Restarting PHP works for you, because it kills all running PHP instances so that for some while your server can respond to new requests. But that does not solve the issue. The issue is that your scripts are overloading the server. And normally they do it because of malicious bots hitting the website. There is really no other way than to understanding the logs to find the reason for it. You can still add the above mentioned bad bot blocking sequence to the beginning of the .htaccess file of the site. It won't hurt.

 

[PeopleInside]

Peter, thanks for the explain.
I don't see any bad bot visiting my subdomain that get down.

Maybe can be the helpdesk code that may have an issue in the code and as the uptime bot check every minute if the website is up or down, this cause many request that is not terminated?

I should find somewhere a log that tell me to much PHP instance are active?
I suppose the access_ssl_log show me only who has requested the subdomain, never show why I get 504 error.

I really don't understand why I start to get this just recently and again, in the log I see only my uptime bot.
Can or should add a rule to auto terminate request of PHP if they are too much? How can be sure this will be the real issue? Umh...

 

[PeopleInside]

Now seems my IP get 504 error but if I use a different IP the website is up.
In the fail2ban there is no banned IP so where the IP can be banned?
On Ubuntu?
What is causing 504 timeout? Really hard to get what is happening.

 

[PeopleInside]

Very strange: is not the IP banned.
If I open the incognito mode works, if not I get 504 time out from ngix.

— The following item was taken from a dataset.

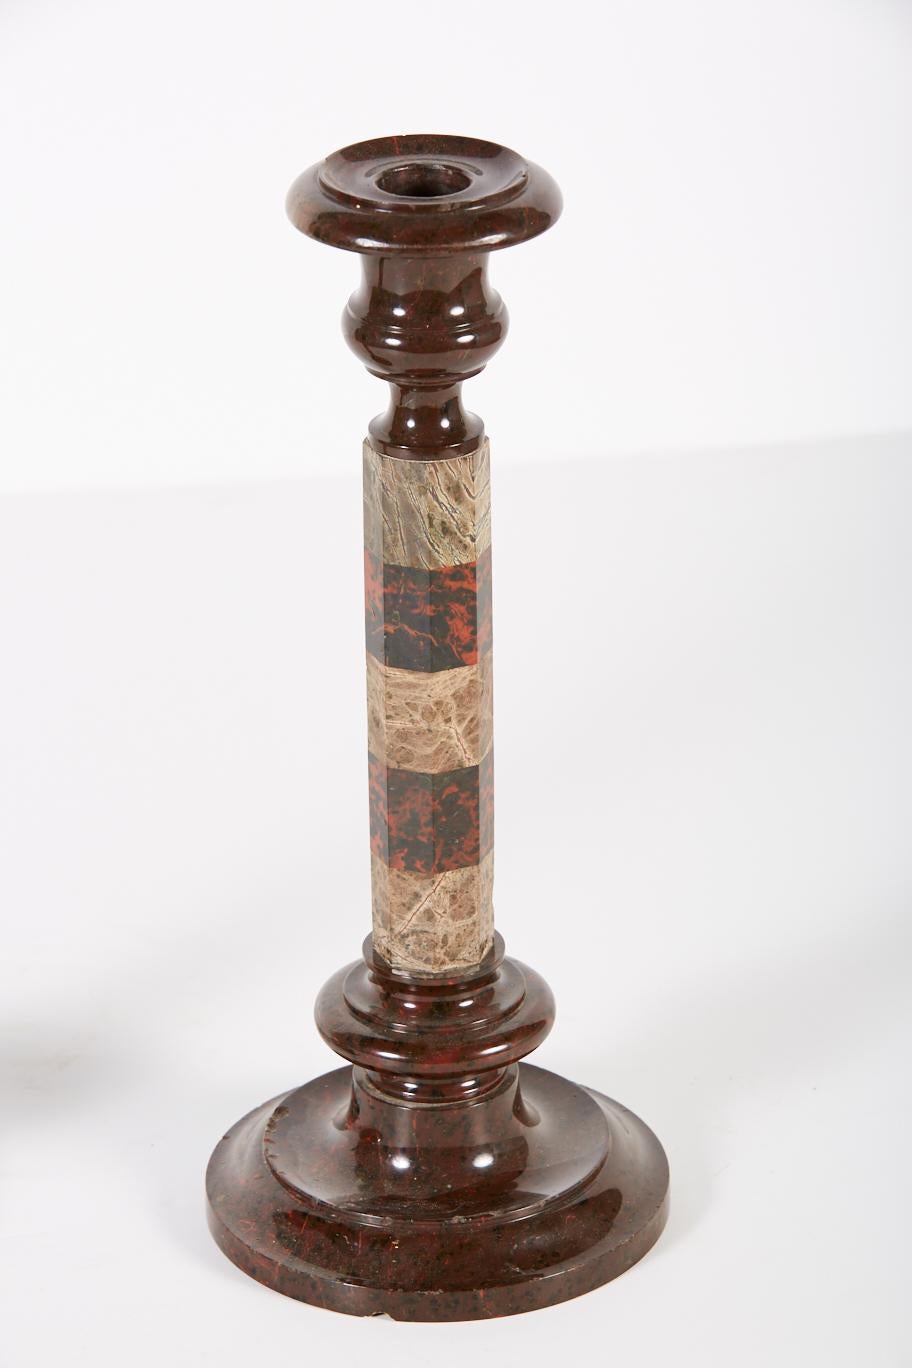 Pair of 19th century English candlesticks in red and green serpentine, a stone that is unique to England's Cornish region. Objects made from this stone were popularized by Queen Victoria and Prince Albert when they placed an order for Cornish

The strange things is when the uptime alert the website is down is down also for me.
Now I was working in help desk and get 504 error page.
I can load the help desk if i load an incognito windows or open the URL from a different device.

Where can be the block?

 

[Peter Debik]

Maybe it is a security function within the helpdesk software that is monitoring the number of requests from the same IP and does not respond to that IP once a threshold has been exceeded? That would explain why anonymous browsing allows you to access the page while your normal IP is no accepted, yet it is not due to a fail2ban ban. Maybe there was an update to the helpdesk software or a security plugin has been installed or activated?